The City Council of Portland, Oregon has passed resolutions, in August 2002 and June 2003, authorizing the expenditure of up to $850,000 for professional advice regarding the City's potential acquisition of PGE, including possible condemnation of PGE's assets. The City has signed a confidentiality agreement with Enron to permit it to participate in the Enron auction process relating to PGE which is continuing.

Peoples' Utility District

Proponents of formation of a Peoples' Utility District (PUD) to acquire PGE's service territory have obtained sufficient signatures on initiative petitions to place the measure on an election ballot in Multnomah County and Yamhill County. The expressed intent of the PUD supporters is to have additional elections to expand the PUD boundaries to include all of PGE's service territory. If a PUD is formed, it would have the authority to condemn PGE's distribution assets within the boundaries of the district. Oregon law prohibits a PUD from condemning thermal generation plants.

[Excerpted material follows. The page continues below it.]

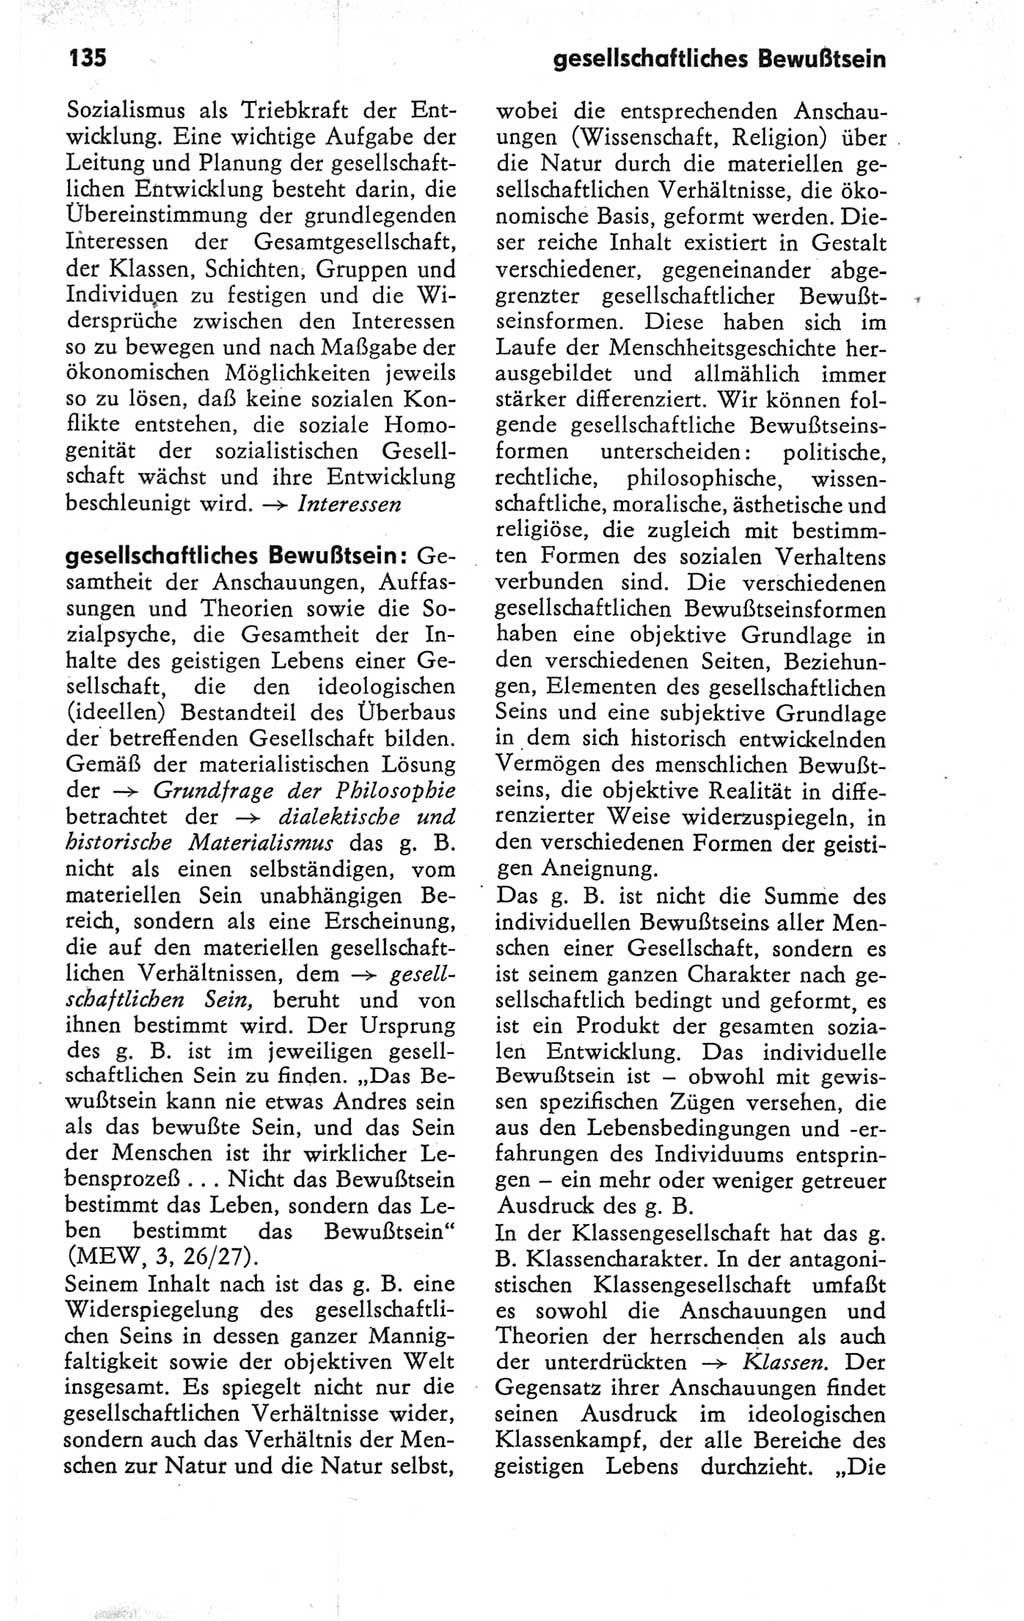 Kleines Wörterbuch der marxistisch-leninistischen Philosophie [Deutsche Demokratische Republik (DDR)] 1979, Seite 135 (Kl. Wb. ML Phil. DDR 1979, S. 135)

It is uncertain under Oregon law whether a PUD would be able to condemn PGE's hydro generation plants.

In Multnomah County, the County Board of Commissioners determined the boundaries of the proposed PUD and set a PUD formation initiative on the November 4, 2003 ballot for a vote by the county voters. The formation initiative did not pass.

In Yamhill County, the County Commissioners are in the process of determining the boundaries of the proposed PUD. It is anticipated that they will set March 4, 2004 for voting on the PUD formation initiative.

PGE opposes the formation of PUDs in its service territory and will oppose any efforts to condemn PGE's assets.

 

Complaints to OPUC

Income Taxes

On March 7, 2003, the Utility Reform Project and Linda K. Williams (Complainants) filed a petition to open an investigation and a complaint with the OPUC with respect to the amount of federal, state, and local income taxes paid by PGE since 1997. On March 31, 2003, the OPUC rejected the request for an investigation and on July 9, 2003 issued an order that dismissed the complaint. On September 22, 2003, the OPUC denied the Complainants' request for reconsideration.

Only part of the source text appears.